Created attachment 1776028 [details] Deploy logs from a failed node Description of problem: Attempting to deploy an overcloud with mixed DL360 G10 and HP E910 blade nodes. Th eDL360 nodes deploy fine as expected. I am unabel to deploy to any of the E910 nodes. Ironic throws the following error: Apr 27 10:37:52 host-192-168-10-92 ironic-python-agent[1984]: 2021-04-27 10:37:52.011 1984 ERROR root [-] Command execution error: invalid literal for int() with base 10: 'p1': ValueError: invalid literal for int() with base 10: 'p1' 2021-04-27 10:37:52.011 1984 ERROR root Traceback (most recent call last): 2021-04-27 10:37:52.011 1984 ERROR root File "/usr/lib/python3.6/site-packages/ironic_python_agent/extensions/base.py", line 256, in execute_command 2021-04-27 10:37:52.011 1984 ERROR root result = ext.execute(command_part, **kwargs) 2021-04-27 10:37:52.011 1984 ERROR root File "/usr/lib/python3.6/site-packages/ironic_python_agent/extensions/base.py", line 208, in execute 2021-04-27 10:37:52.011 1984 ERROR root return cmd(**kwargs) 2021-04-27 10:37:52.011 1984 ERROR root File "/usr/lib/python3.6/site-packages/ironic_python_agent/extensions/base.py", line 326, in wrapper 2021-04-27 10:37:52.011 1984 ERROR root result = func(self, **command_params) 2021-04-27 10:37:52.011 1984 ERROR root File "/usr/lib/python3.6/site-packages/ironic_python_agent/extensions/image.py", line 562, in install_bootloader 2021-04-27 10:37:52.011 1984 ERROR root efi_system_part_uuid=efi_system_part_uuid): 2021-04-27 10:37:52.011 1984 ERROR root File "/usr/lib/python3.6/site-packages/ironic_python_agent/extensions/image.py", line 289, in _manage_uefi 2021-04-27 10:37:52.011 1984 ERROR root efi_partition = int(partition.replace(device, "")) 2021-04-27 10:37:52.011 1984 ERROR root ValueError: invalid literal for int() with base 10: 'p1' 2021-04-27 10:37:52.011 1984 ERROR root Version-Release number of selected component (if applicable): 16.1.latest How reproducible: Every time I try in this environment Steps to Reproduce: 1. Deploy undercloud according to docs 2. Import and introspect all nodes 3. Run overcloud deploy with HP E910 nodes Actual results: No hosts found Expected results: Overcloud successfully deployed Additional info: The DL360s which work have SATA drives while the e910's only have 5 - NVMe drives available.
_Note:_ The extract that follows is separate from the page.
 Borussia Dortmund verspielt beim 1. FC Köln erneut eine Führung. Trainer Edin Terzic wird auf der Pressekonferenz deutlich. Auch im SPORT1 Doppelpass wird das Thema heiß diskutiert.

Introspection and cleaning work correctly on both servers.
Looks like the issue is the code for handling/guessing the partition is not NVMe pattern safe. We know customers have deployed on Edgeline hardware using whole disk images. I highly recommend taking that route in the mean time.
Thanks Julia. We are going to give wholedisk image a try first.
Proposed fix upstream.
Hi Julia, I added your code fix to the IPA initramfs and updated the deployment with the new image. It seems to have solved the issue and the deployment is moving forward. I will let you know if everything works as expected. Thanks for the quick fix!!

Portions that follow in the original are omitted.